I know by now or at least I presume I do have the slightest idea about how it feels like being a human being on this planet of ours called earth. I have faced many mornings with my eyes half closed and my hands ferociously looking for the much needed sip of coffee as if every particle of my body depended on that sweet or plane as you prefer it, black-brownish, nice aromatic substance, I have seen many magnificent sunrises and equally marvelous and full of color sunsets and as the night installed itself serenely on my street I started looking for the soft friendship of a pillow, one that would come to witness my dreams.
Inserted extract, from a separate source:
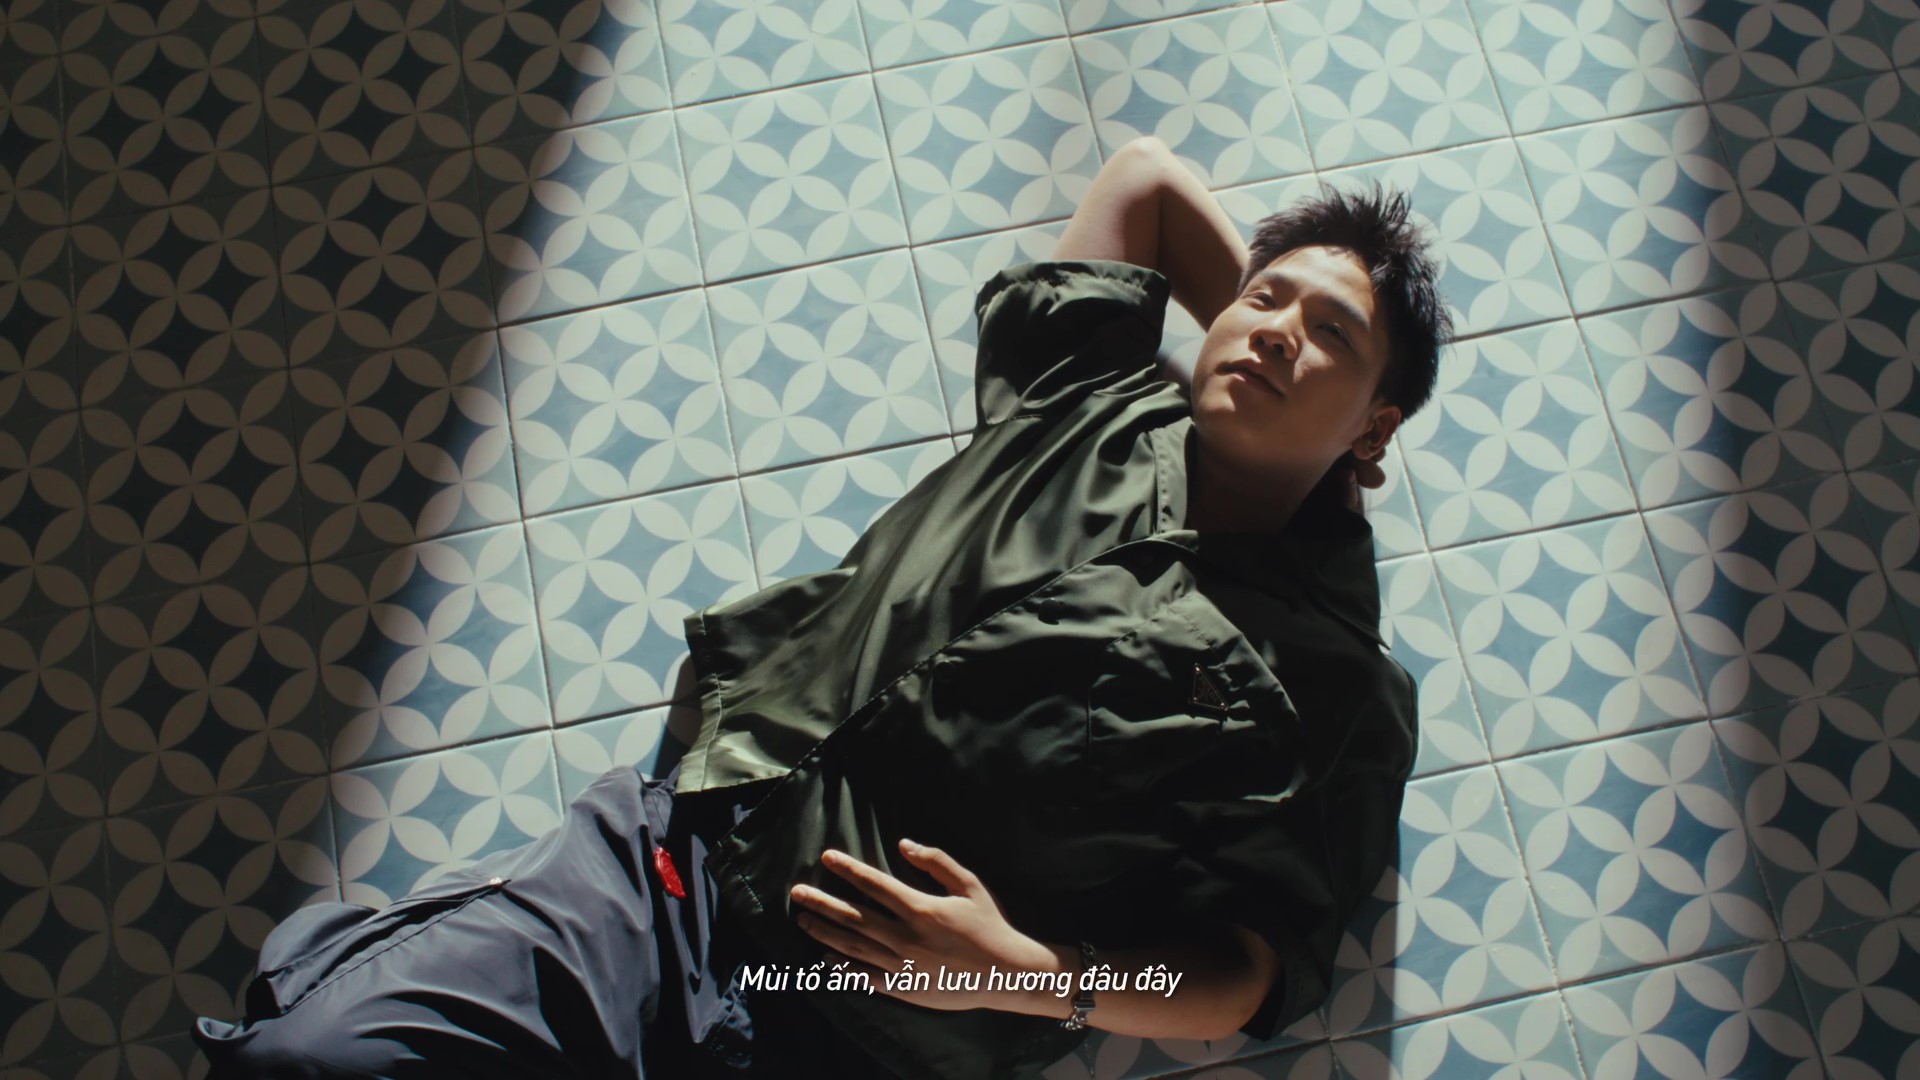 Quân A.P & Hứa Kim Tuyền đưa mùi tổ ấm vào MV mới ra mắt - Ảnh 6.

Therefore I do have the audacity to say that I have discovered life in my way, much like each and every one of you did with each day, each sunset, each night and each morning that passed.
Though I may seem and sound crazy I have to tell you that I woke up today to just ask myself after ingurgitating forcefully rather than willingly in my outside walks millions and trillions of dust particles, how would it feel like if I one day woke up to see that I am nothing else but dust? I would clearly try to make myself known to the others, let them know that I am there and while doing this a mean thought crossed my tiny me “What better way to do this if not by suffocating the others?” I know it would suffice to just be a serpent to do this, yet since I am no serpent but just a dust particle I have to content myself with this and as people say, get used to it.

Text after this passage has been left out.